= Problem description =
Restate all data exactly. No images.

= Information shown =

-- -- --

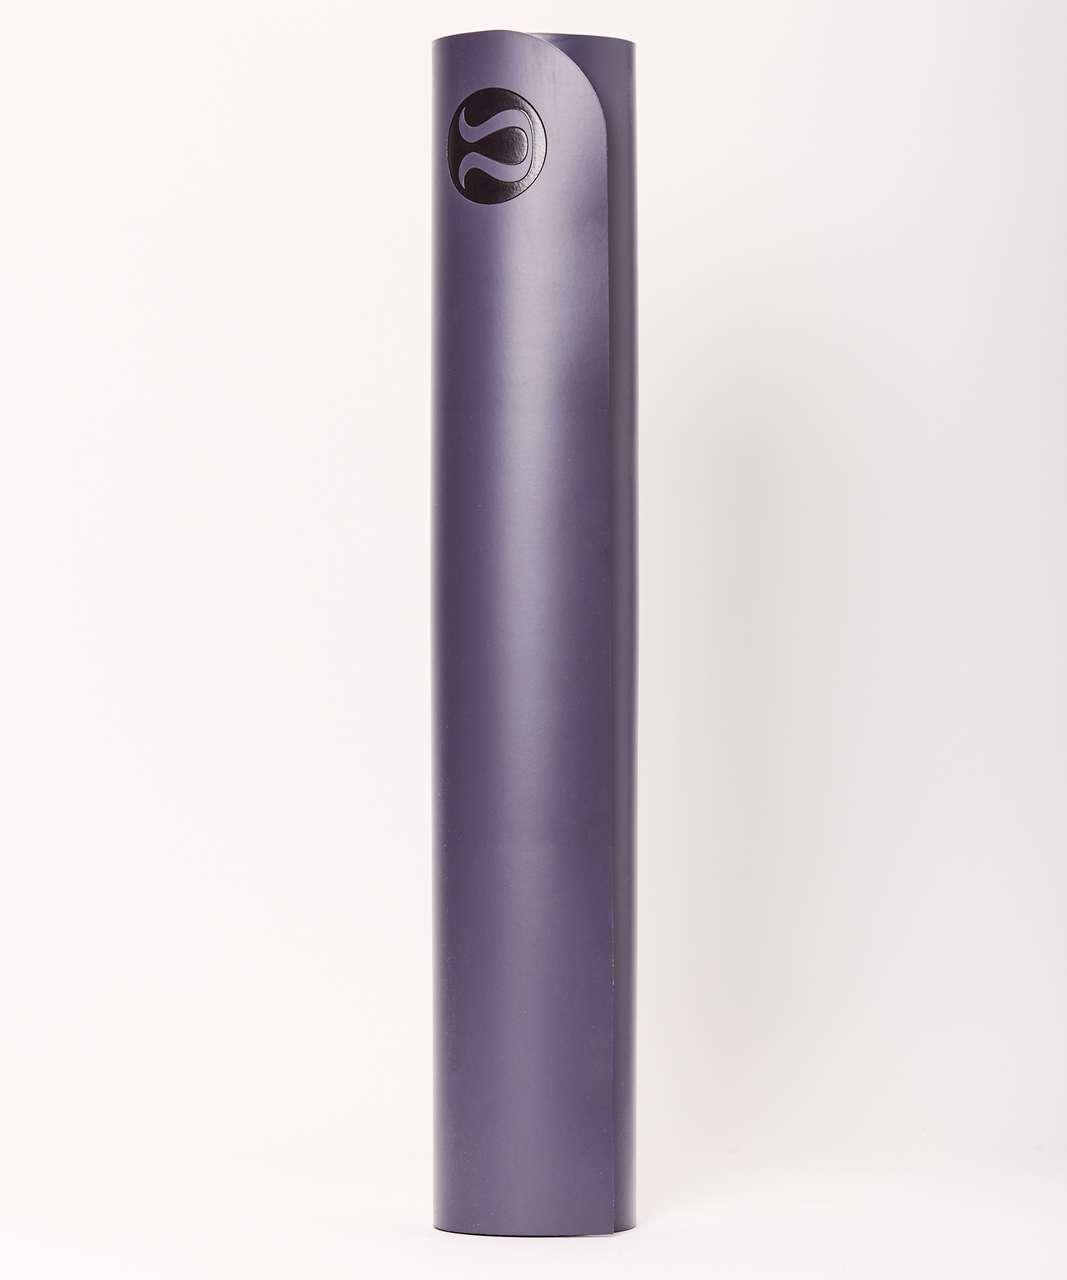 Lululemon The Reversible Mat 5mm - Nightfall / Brilliant Blue
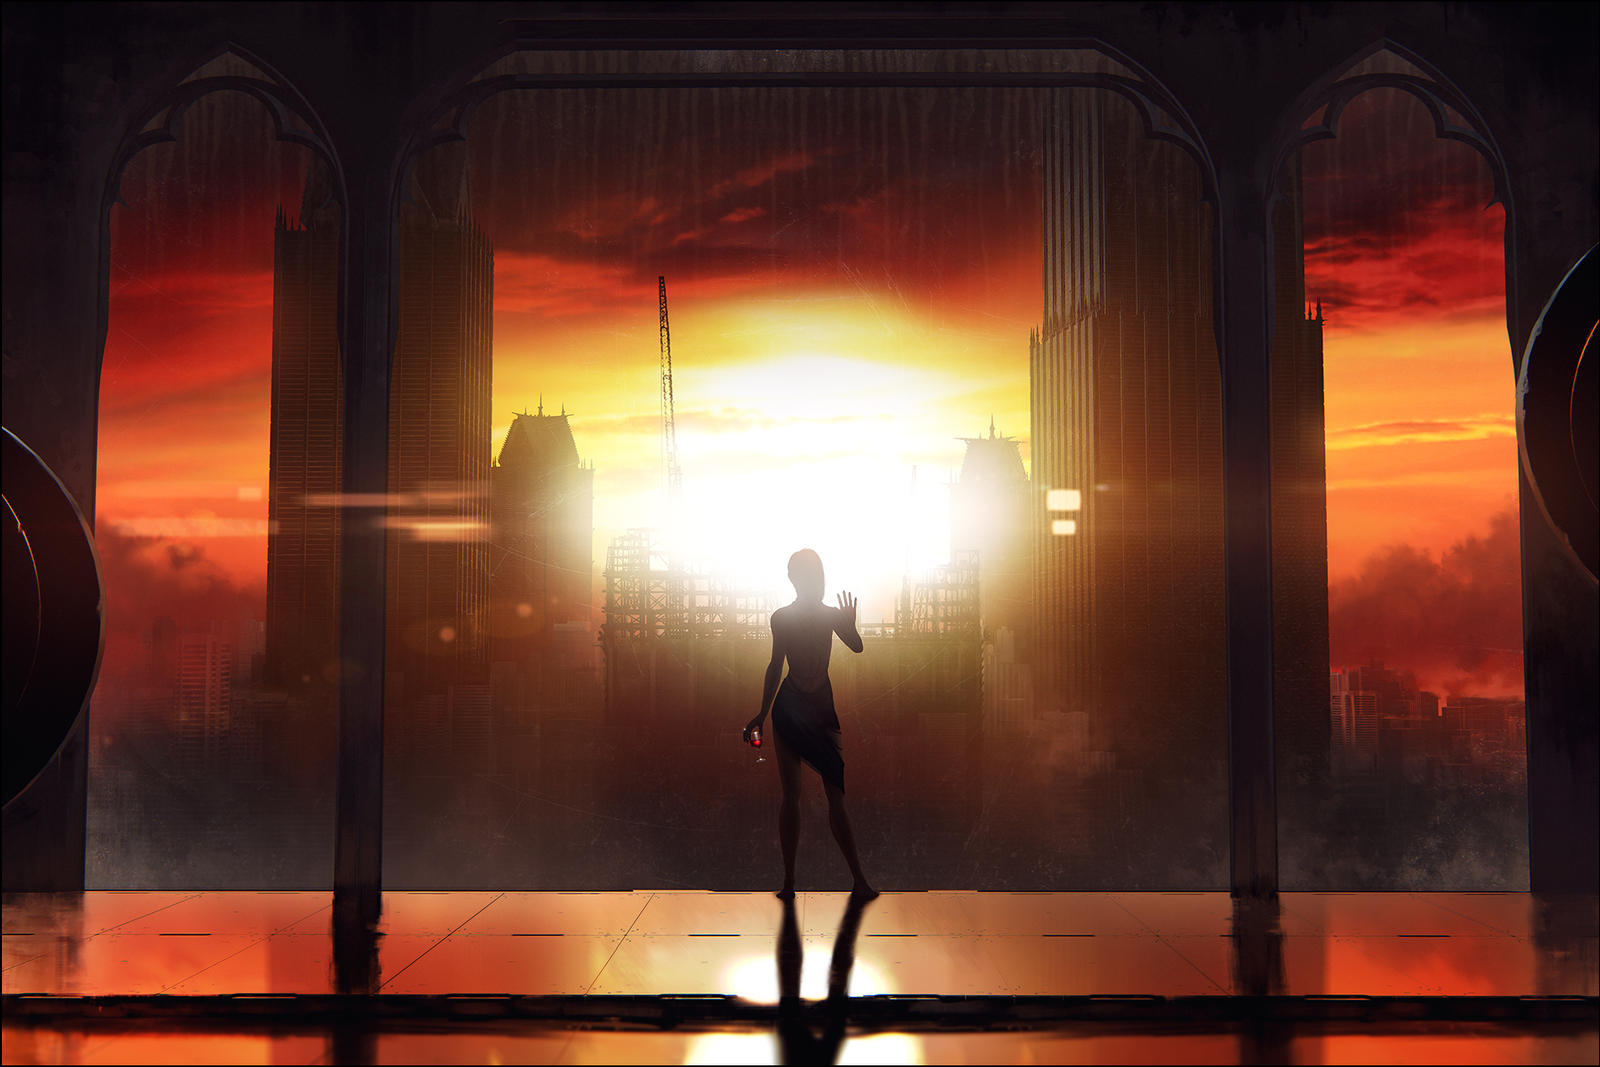 ARCHON: The Setting Sun by JLarenART
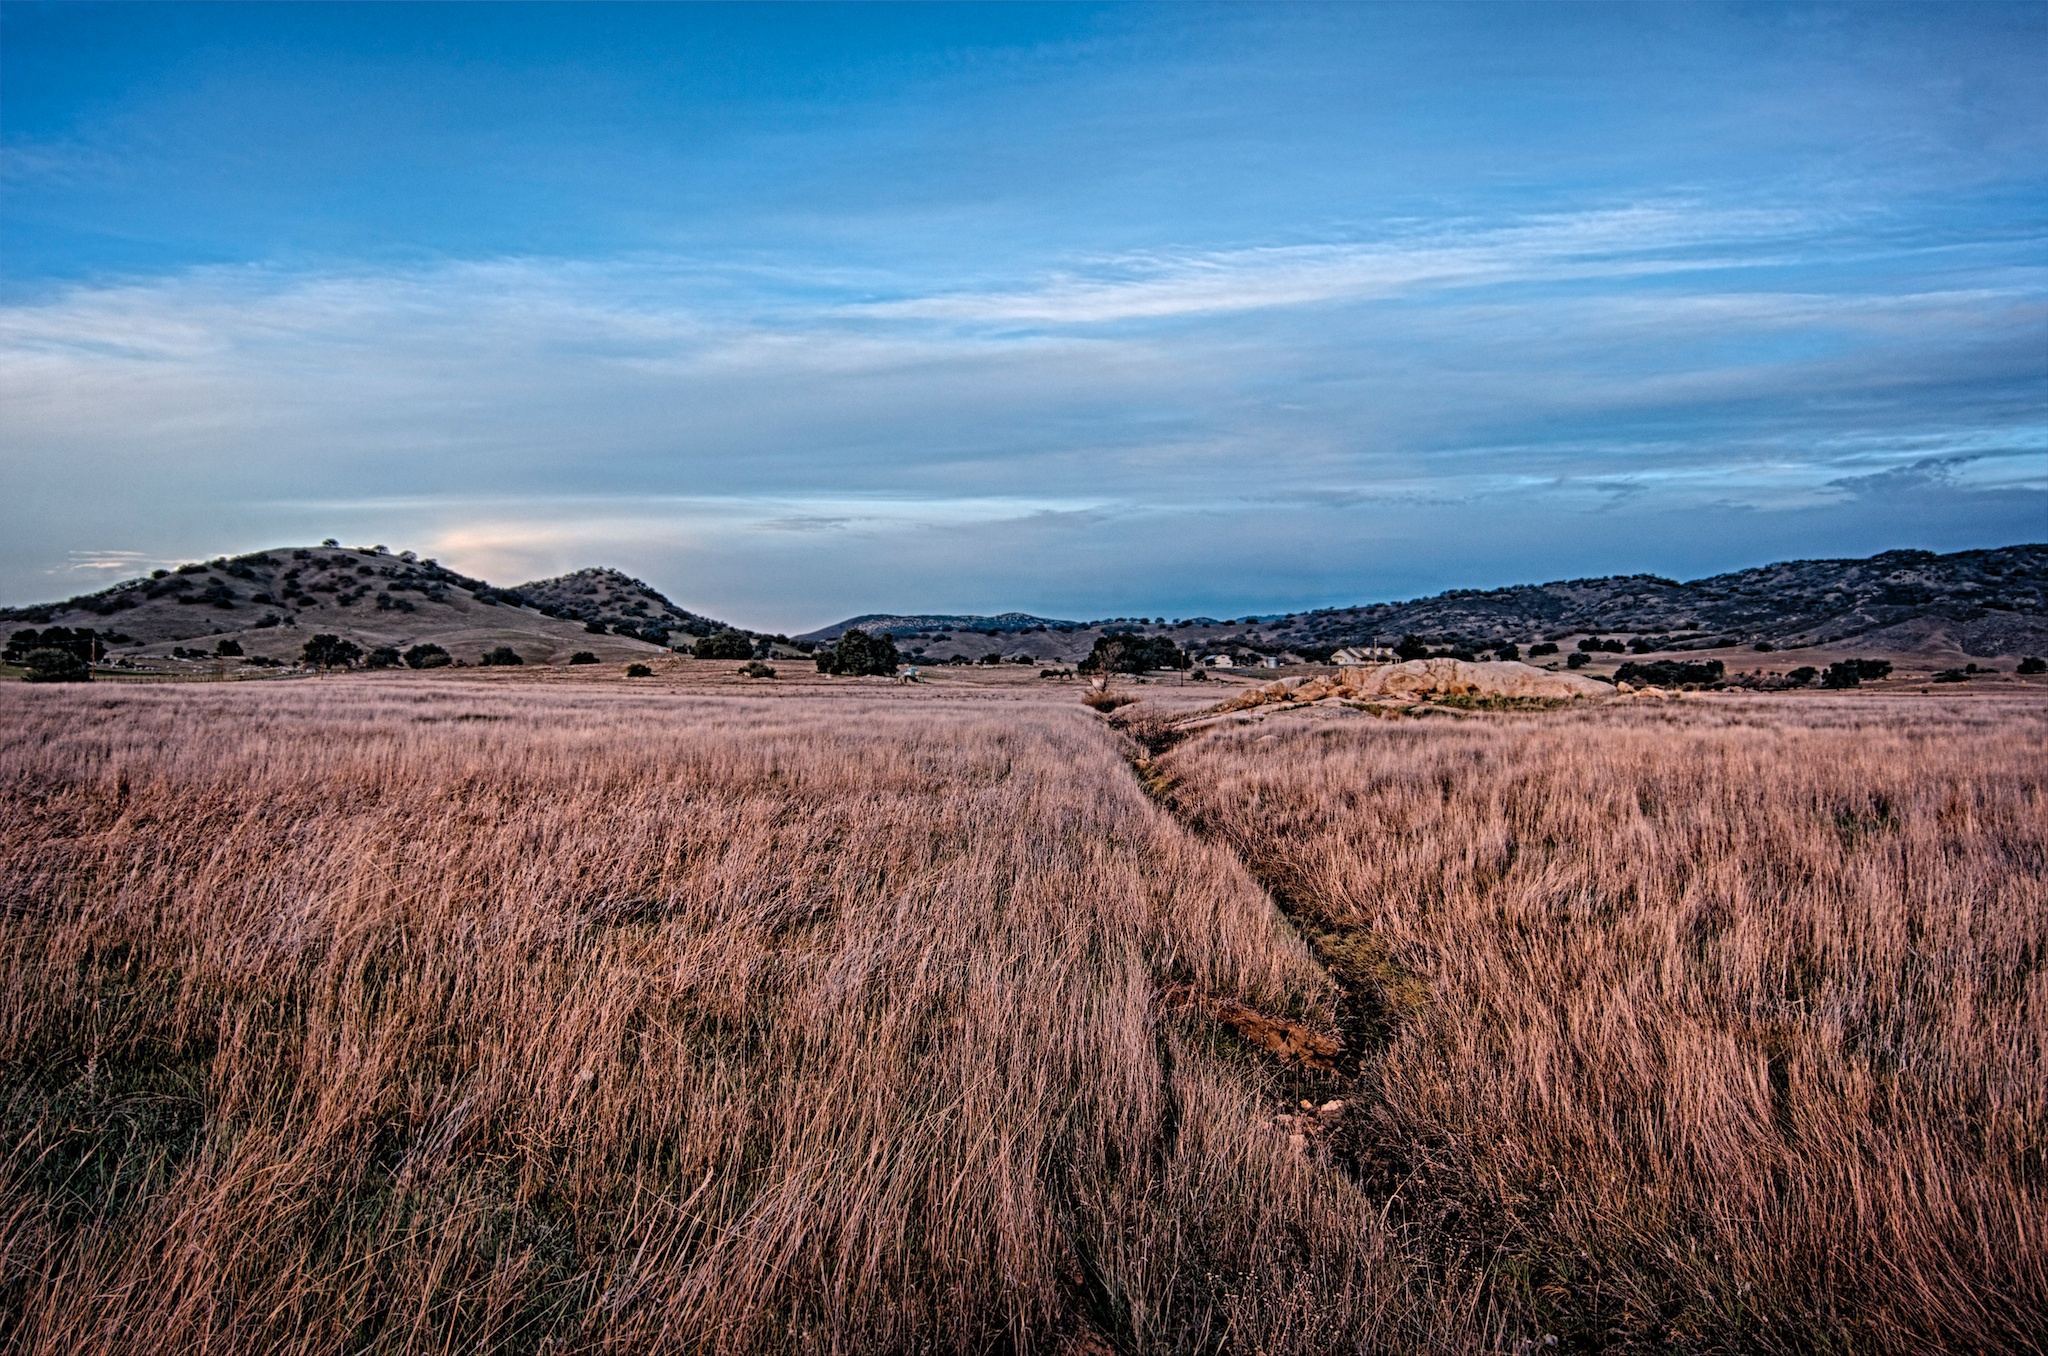 Grassy Meadow, Santa Ysabel, California
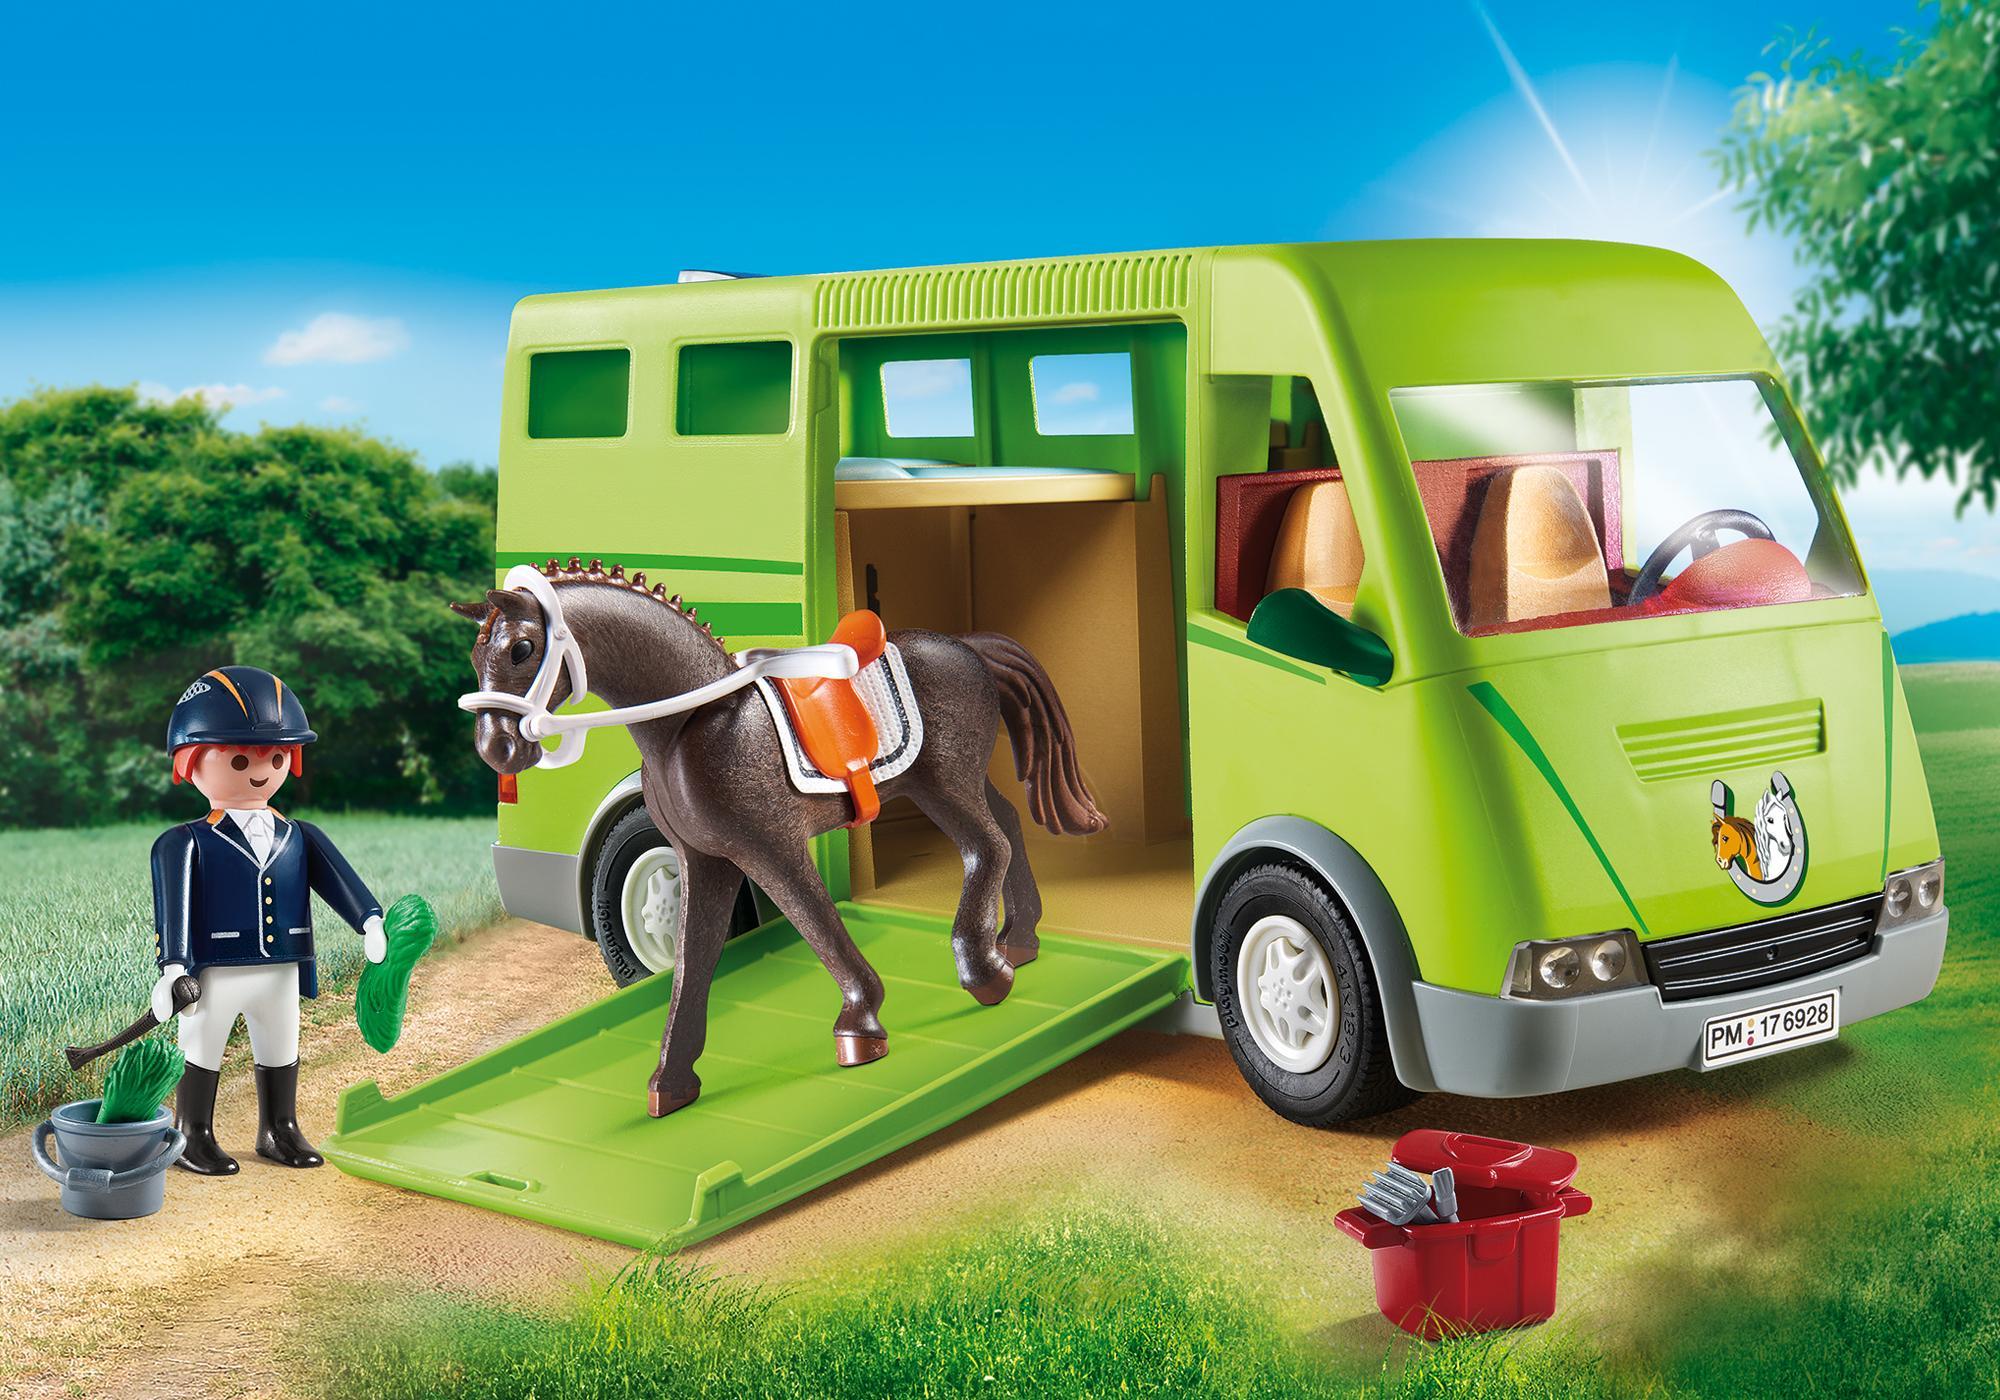 http://media.playmobil.com/i/playmobil/6928_product_detail/Paardenvrachtwagen

-- -- --

= Your solution =
 Lululemon The Reversible Mat 5mm - Nightfall / Brilliant Blue
 ARCHON: The Setting Sun by JLarenART
 Grassy Meadow, Santa Ysabel, California
 http://media.playmobil.com/i/playmobil/6928_product_detail/Paardenvrachtwagen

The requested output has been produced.